Безопасные куки являются разновидностью HTTP cookie с установленным атрибутом Secure, который ограничивает область cookie "безопасными" каналами (где "безопасный" определяется пользовательским агентом, обычно веб-браузер ).[1] Если файл cookie имеет атрибут Secure, пользовательский агент будет включать файл cookie в HTTP-запрос, только если запрос передается по безопасному каналу (обычно HTTPS).[1] Атрибут Secure, который кажется полезным для защиты файлов cookie от активных сетевых злоумышленников, защищает только конфиденциальность файлов cookie. Активный сетевой злоумышленник может перезаписать защищенные файлы cookie из незащищенного канала, нарушив их целостность. Эта проблема официально называется «Слабая целостность».[1] Однако некоторые браузеры, включая Chrome 52 и выше и Firefox 52 и выше, отказываются от этой спецификации в пользу большей безопасности и запрещают небезопасные сайты (HTTP ) от установки файлов cookie с помощью Безопасный директива.[2]

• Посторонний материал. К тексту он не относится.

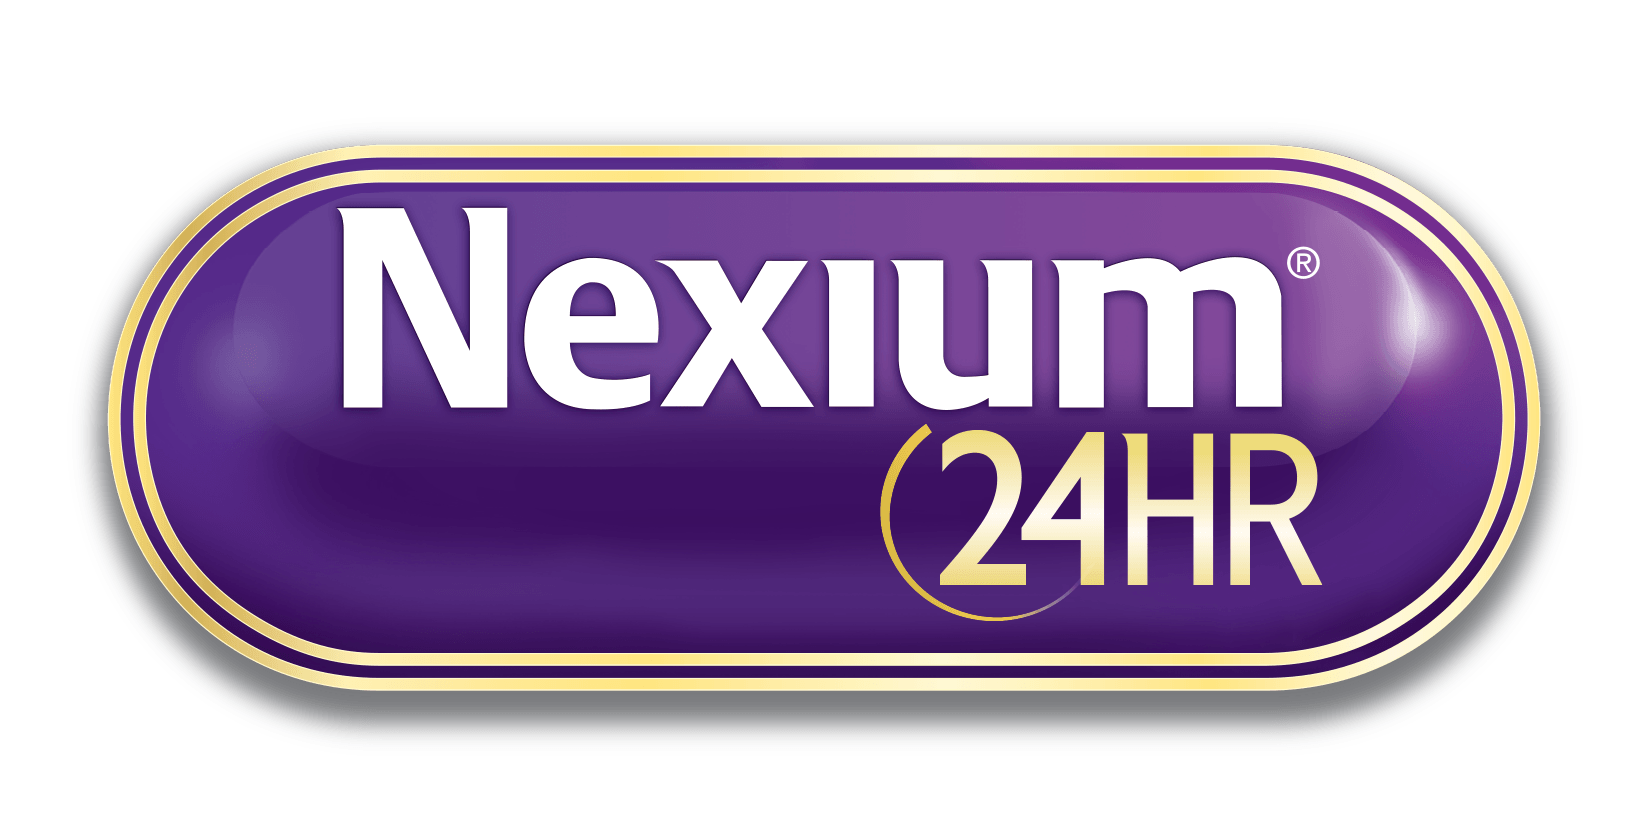 Nexium Logo - Nexium Logo by Love DuBuque. Emails. Logos, Vector online, Heartburn
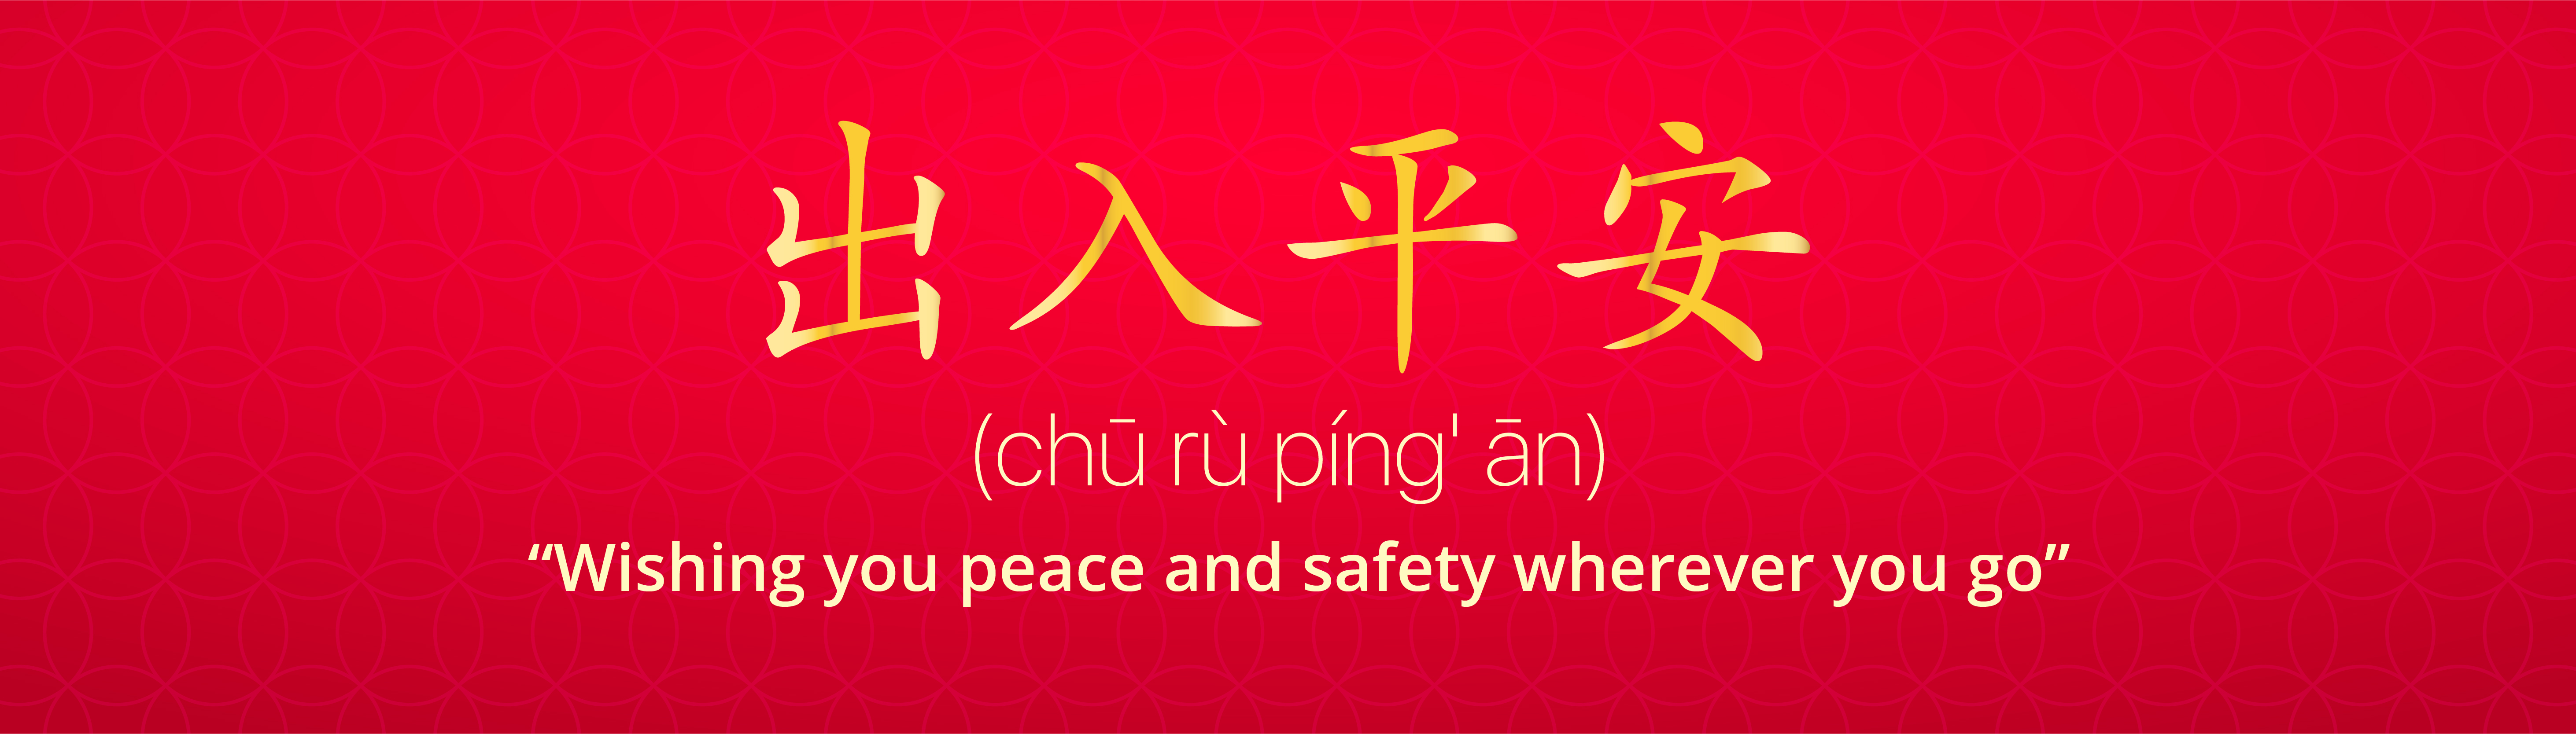 Chu Ru Ping An (出入平安): “Wishing you peace and safety wherever you go”

Даже с Безопасный, конфиденциальная информация должна никогда храниться в файлах cookie, поскольку они по своей сути небезопасны, и этот флаг не может обеспечить реальной защиты.[2] Атрибут Secure - не единственный механизм защиты файлов cookie. HttpOnly и SameSite атрибуты. Атрибут HttpOnly ограничивает доступ к cookie, например, JavaScript, в то время как SameSite Атрибут позволяет отправлять cookie в приложение только в том случае, если запрос исходит из того же домена.

Фон

An HTTP cookie это небольшой пакет данных[3] который отправляется с веб-сервера пользователю веб-браузер. Есть два типа файлов cookie:

  • Постоянные куки - Файлы cookie, которые длительное время хранят информацию в браузере пользователя.
  • Непостоянные файлы cookie - Файлы cookie, срок действия которых обычно истекает после закрытия браузера.

Файлы cookie могут содержать конфиденциальную информацию, такую ​​как пароли и номера кредитных карт, которые отправляются через HTTP-соединение и могут храниться в веб-браузерах как простой текст. Чтобы предотвратить кражу этой информации злоумышленниками, файлы cookie могут быть защищены с помощью атрибутов.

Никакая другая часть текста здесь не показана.